Engineering Contradictions & Design Principles
Engineering Contradiction Analysis
1Device complexity
If electricity demand prediction is performed on the basis of the amount of electricity used by a whole plant, then the prediction process is simple, but the prediction accuracy is low and cannot adapt to changes in production schedule or device actions
Solution Approach 1:
The patent segments the electricity demand prediction by dividing the plant into multiple devices and further dividing each device's prediction by product type. Instead of predicting total plant electricity usage as a single aggregate value, the system creates separate electricity amount calculation models for each device-product combination, then sums these segmented predictions to obtain the total predicted electricity demand. This segmentation enables the prediction to adapt to changes in specific devices or product mixes while maintaining manageable model complexity.
2Measurement precision
If the accuracy of electricity demand prediction is increased by considering device-specific data and production schedules, then the prediction adapts to changes, but the system complexity increases
Solution Approach 1:
The patent creates a universal electricity amount calculation model template that can be applied to any device-product combination. The model structure remains consistent across all devices, using the same mathematical framework that relates electricity consumption to production volume and product type characteristics. This universality allows the system to handle multiple devices and product types without proportionally increasing system complexity, as the same model logic is reused across different contexts.
Solution Approach 2:
The system manages complexity by changing parameters rather than structure. The electricity amount calculation model uses variable parameters such as production volume, product type identifiers, and device-specific coefficients that can be adjusted without altering the fundamental model architecture.

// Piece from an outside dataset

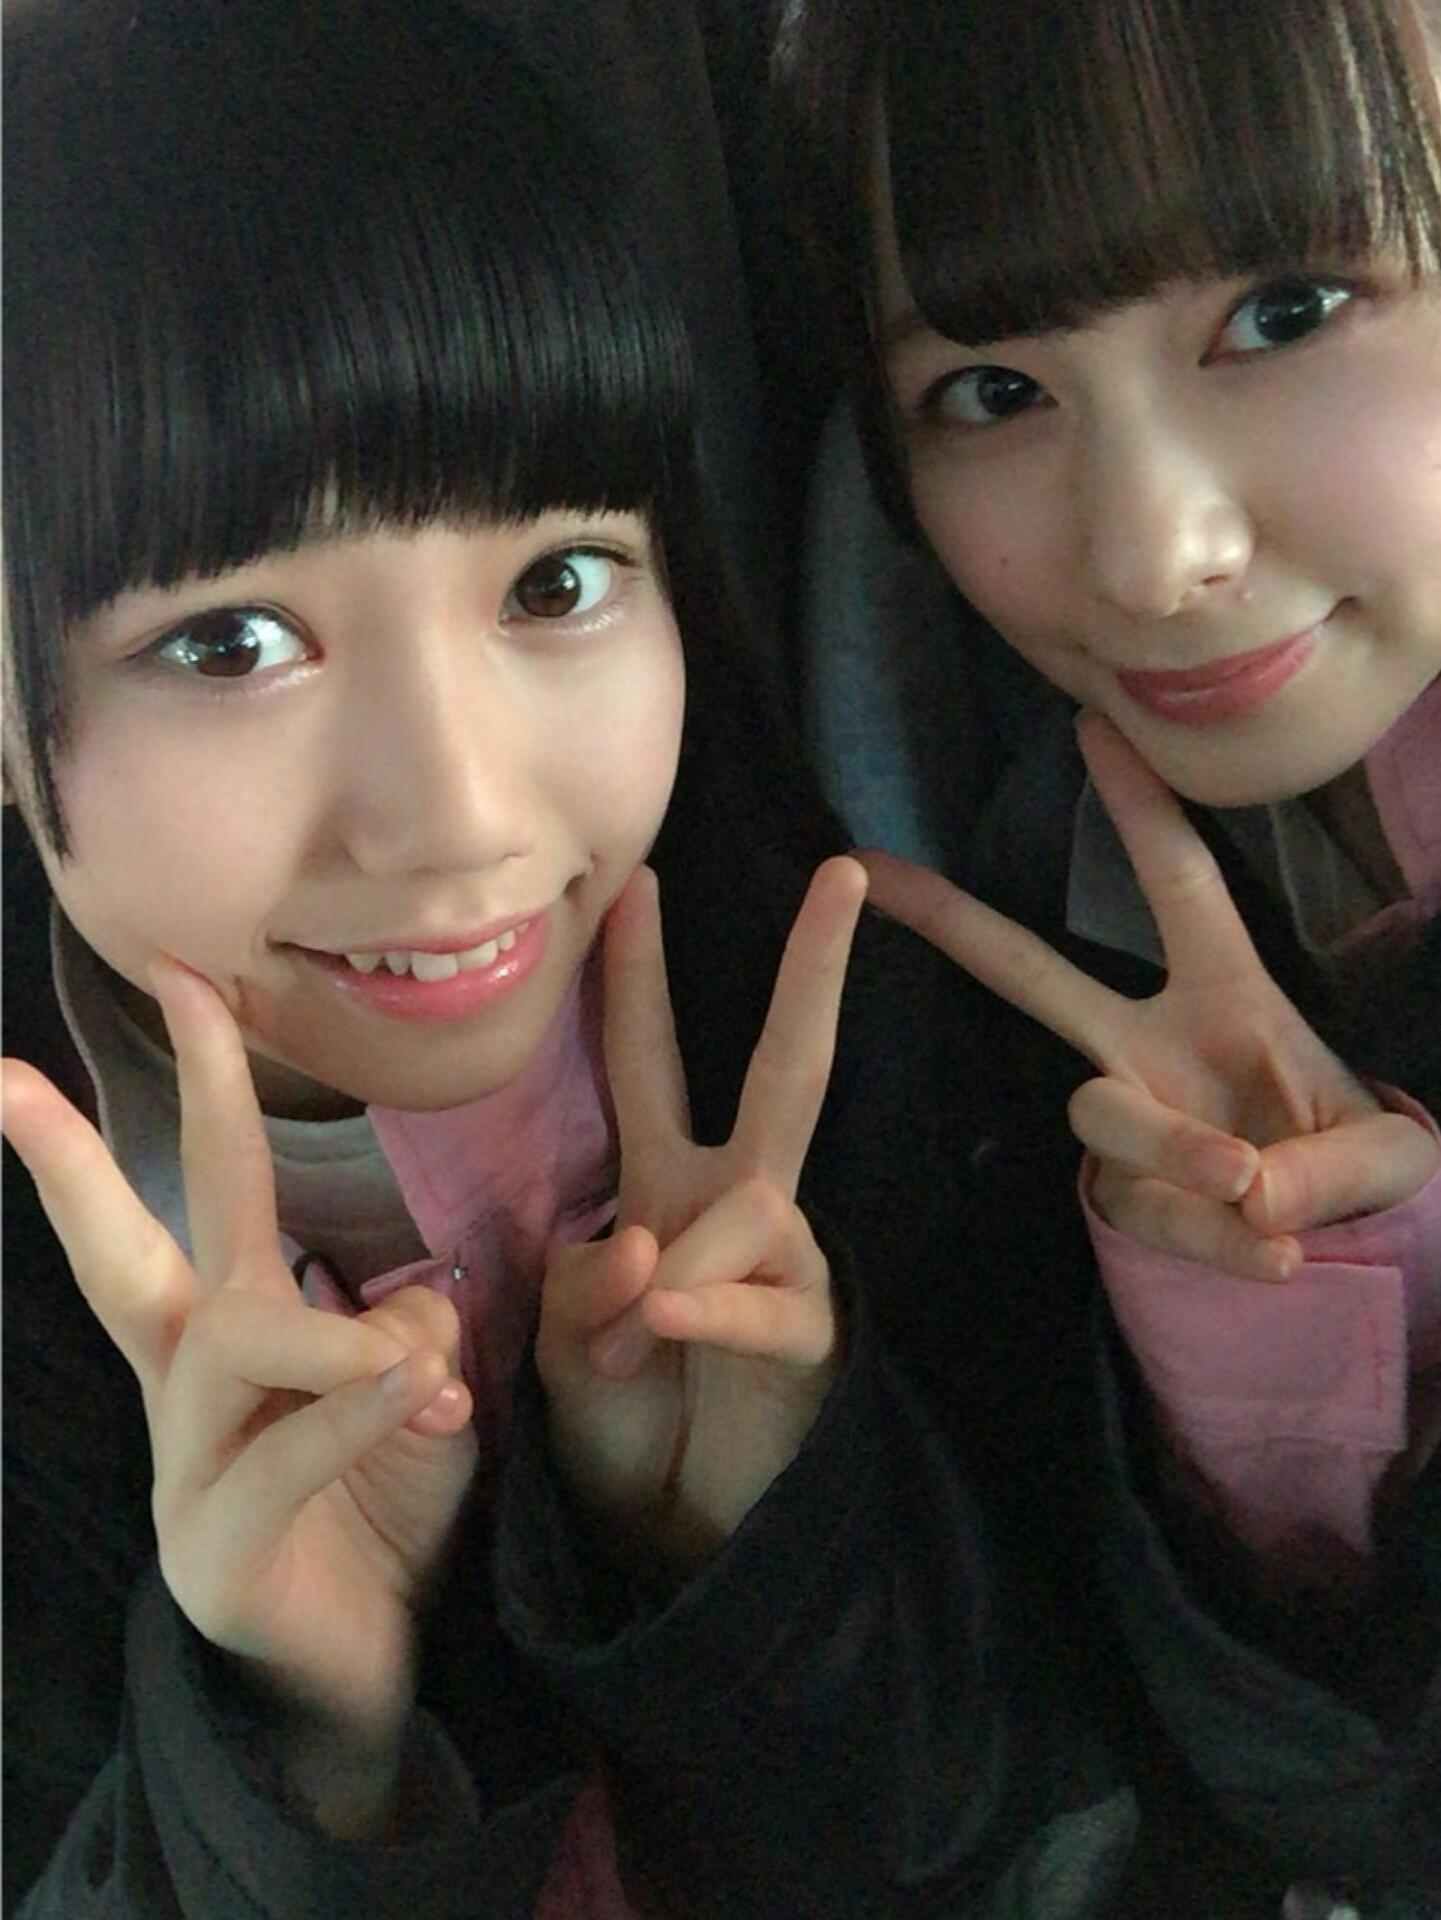 【AKB48チーム8】北玲名応援スレ☆1.1【れなな/石川県】©2ch.netYouTube動画>117本 ->画像>904枚

When production schedules change or new devices are added, the system updates parameter values rather than redesigning the prediction framework, thereby maintaining relatively low system complexity while achieving high prediction accuracy.
3Quantity of substance
If electricity demand is predicted using conventional whole-plant data, then the prediction covers total usage, but it cannot effectively reduce non-utility generation and contract electricity demand due to large differences between predicted and actual values
Solution Approach 1:
The system incorporates feedback mechanisms by using actual electricity usage data from each device and product type to continuously refine and update the electricity amount calculation models. The model creation process utilizes historical actual values to calibrate prediction coefficients, and the system can update models based on deviations between predicted and actual consumption patterns. This feedback loop significantly improves prediction reliability while maintaining comprehensive coverage of total electricity demand.
Data Source
AI summary
An electricity demand prediction system includes electricity usage data collection means, production schedule storage means, model creation means, and short-term electricity demand prediction means. The electricity usage data collection means collects electricity usage data of each device and causes electricity usage data storage means to store the collected electricity usage data. The model creation means creates an electricity amount calculation model of each prescribed product type for each device on the basis of the electricity usage data stored in the electricity usage data storage means and a past production schedule stored in the production schedule storage means. The short-term electricity demand prediction means computes future electricity demand for each device on the basis of the electricity amount calculation model created by the model creation means and a future production schedule stored in the production schedule storage means.